Puede que sea más o menos extrovertido, compartas lo que te alegra y te preocupa con más o menos soltura, pero todos tenemos lugares de nuestro ser que guardamos para nuestra intimidad, aquello que no cuentas a nadie y pretendes que nadie se entere. Sin embargo, de pequeño te enseñaron que Dios es onmipresente, que está en todas partes y ve todo lo que haces. Muchas veces tenemos la imagen de Dios como un paparazzi que saca a la luz los trapos sucios.

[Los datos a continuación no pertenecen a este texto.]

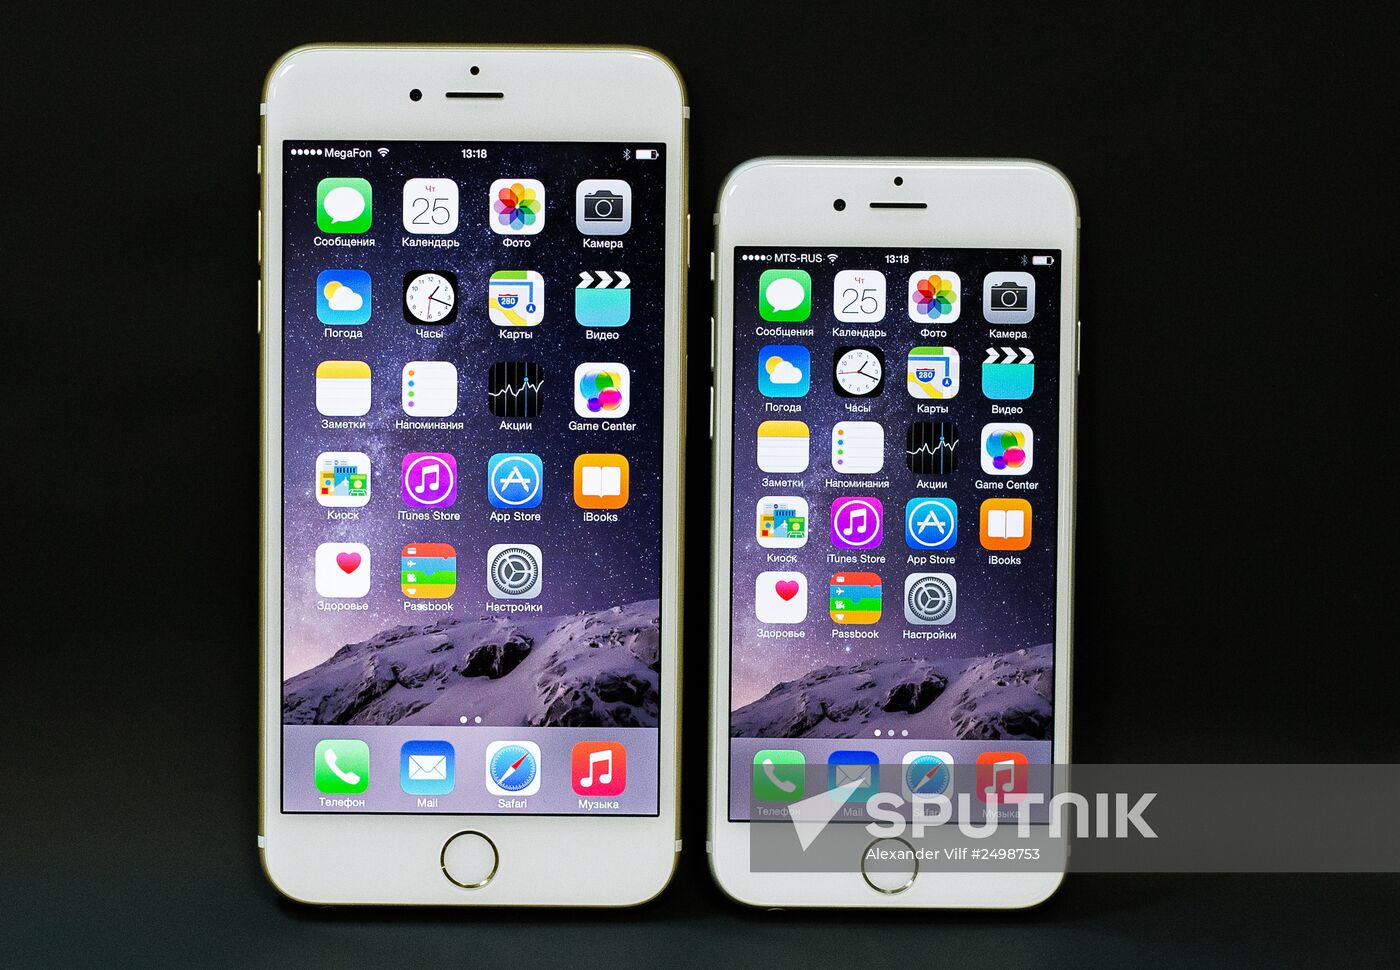 New iPhone 6 and iPhone 6 Plus smartphones

El paparazzi conoce a fondo, sabe dónde y con quién está, en qué momento sale de su casa y su hora de vuelta. Recibe chivatazos que le informan de su presencia en los lugares más ocultos. El perseguido se las ingenia para despistar a la prensa y tener así un poco de intimidad, pero nunca lo consigue. De nada le ha valido esconderse, siempre lo pillan infraganti, el paparazzi se frota las manos: ¡Cuánta información para recriminar y echar en cara!

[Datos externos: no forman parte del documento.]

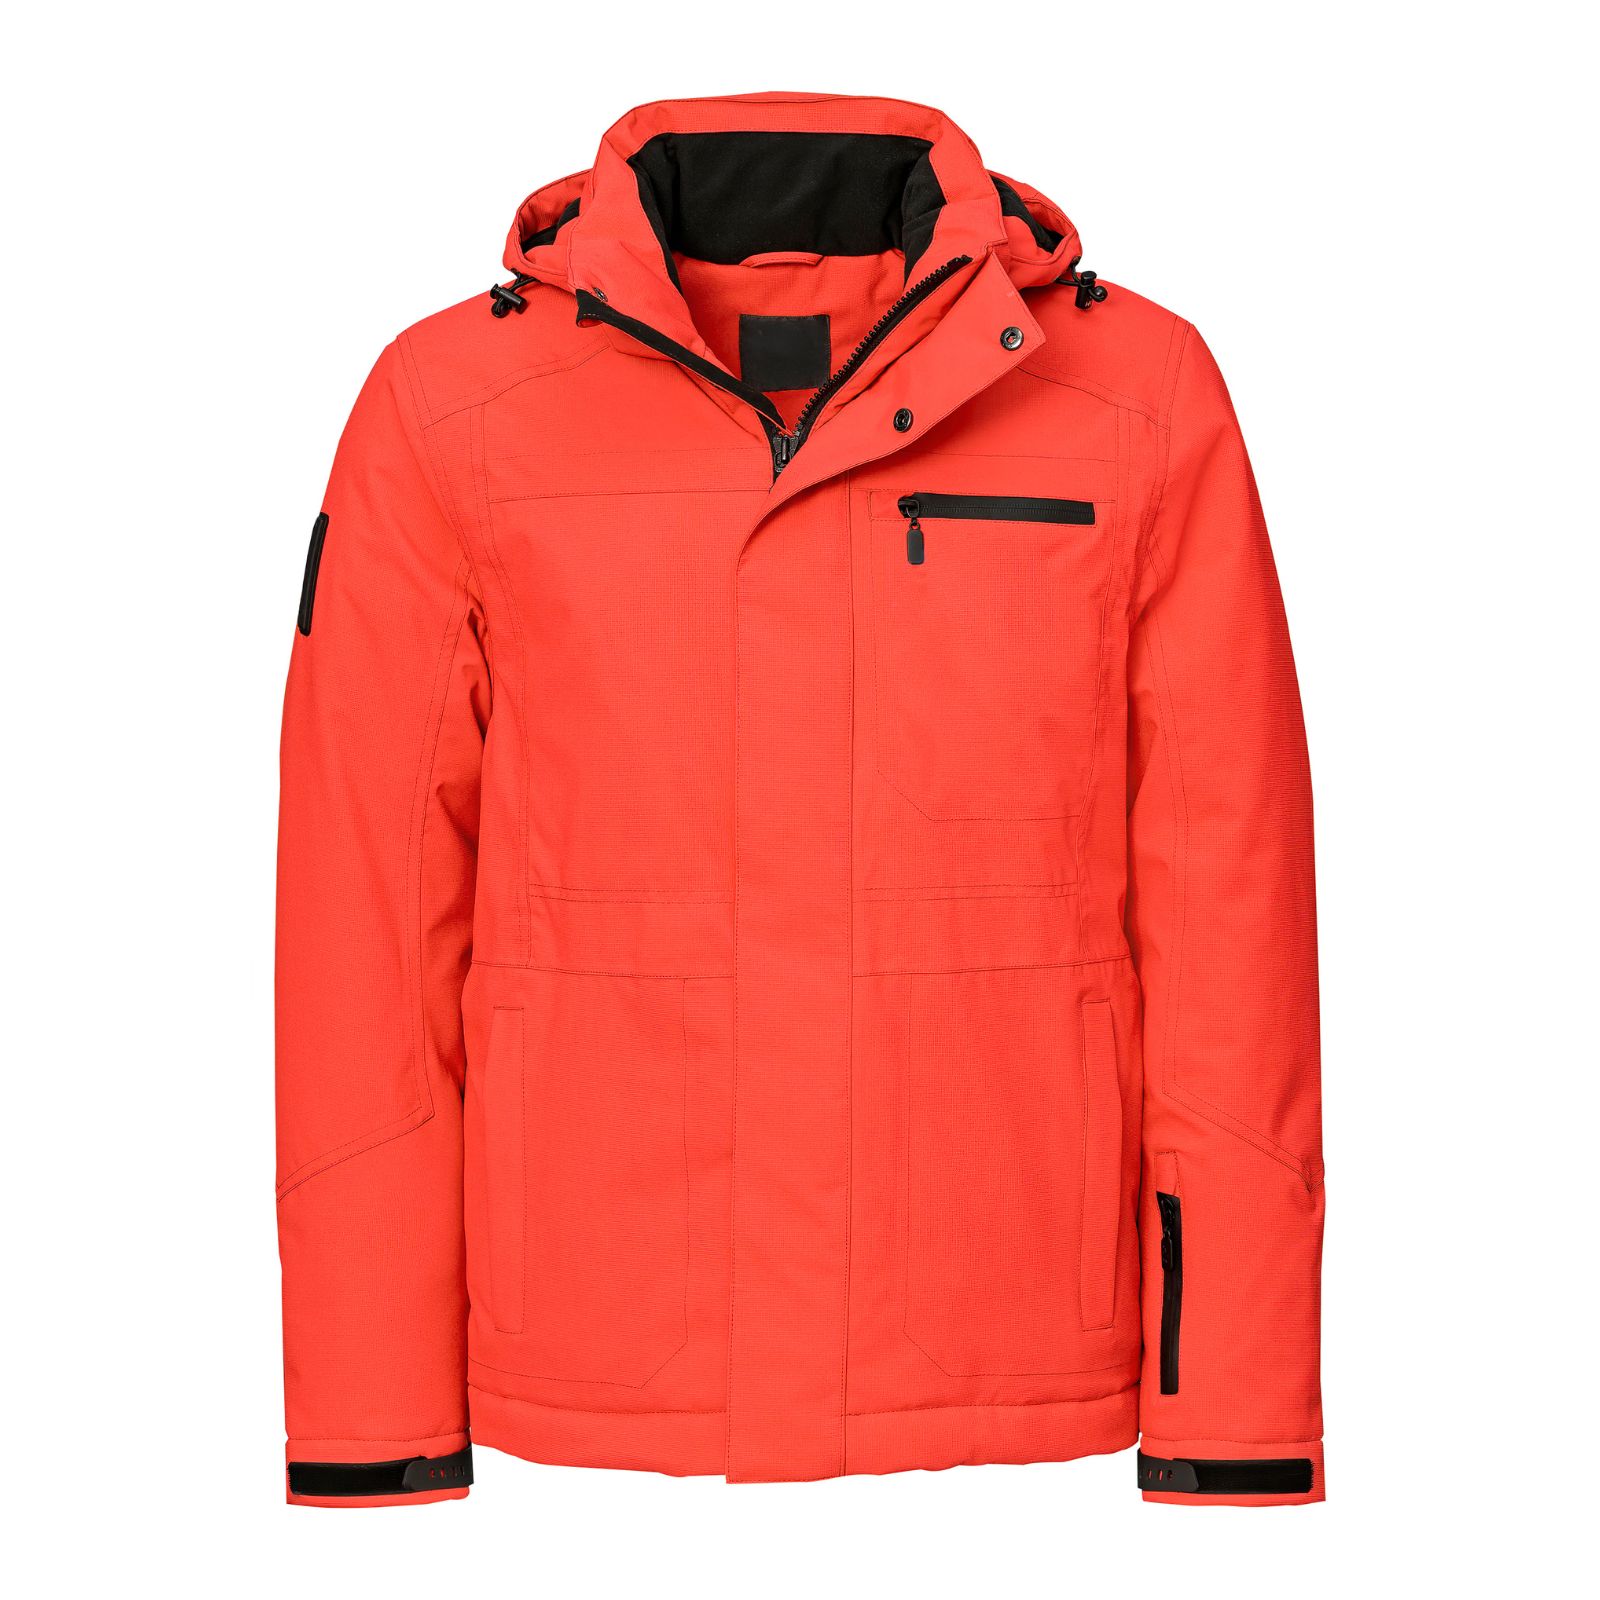 Premium Quality 100 Percent Orange Soft Shell Jacket.

El paparazzi conoce las debilidades de las personas que persigue, está atento a ellas, ha oído rumores de lo que se trae entre manos, busca en la intimidad exponiendo la incoherencias y removiendo las heridas sin buscar sanarlas. A veces se enfrenta con su presa, le acerca un micrófono en la misma puerta de su casa y le pregunta sin piedad por los acontecimientos más oscuros de su vida, le pide explicaciones con agresividad, sin dejar espacio para el respeto o el diálogo. Saca los fantasmas de su vida sin compasión, quiere ver cómo reacciona, ponerle al límite, ver cómo es su reacción ensangrentada ante lo escabroso y lo vergonzoso. El paparazzi no sabe de ternura, de acogida y comprensión. Crea intranquilidad, activa dinámicas de vida basadas en el “¿me pillará? ¿Qué pensará de mí?”
Dios omnipresente como un paparazzi no es la imagen del Dios que acompaña en el camino. No respeta el margen de error, no crea el ambiente de acogida para crecer en libertad. No saca los trapos sucios para mostrarlos en revistas, ni extorsiona con lo íntimo y profundo de nuestro corazón, aunque conocerlo… lo conoce de sobra.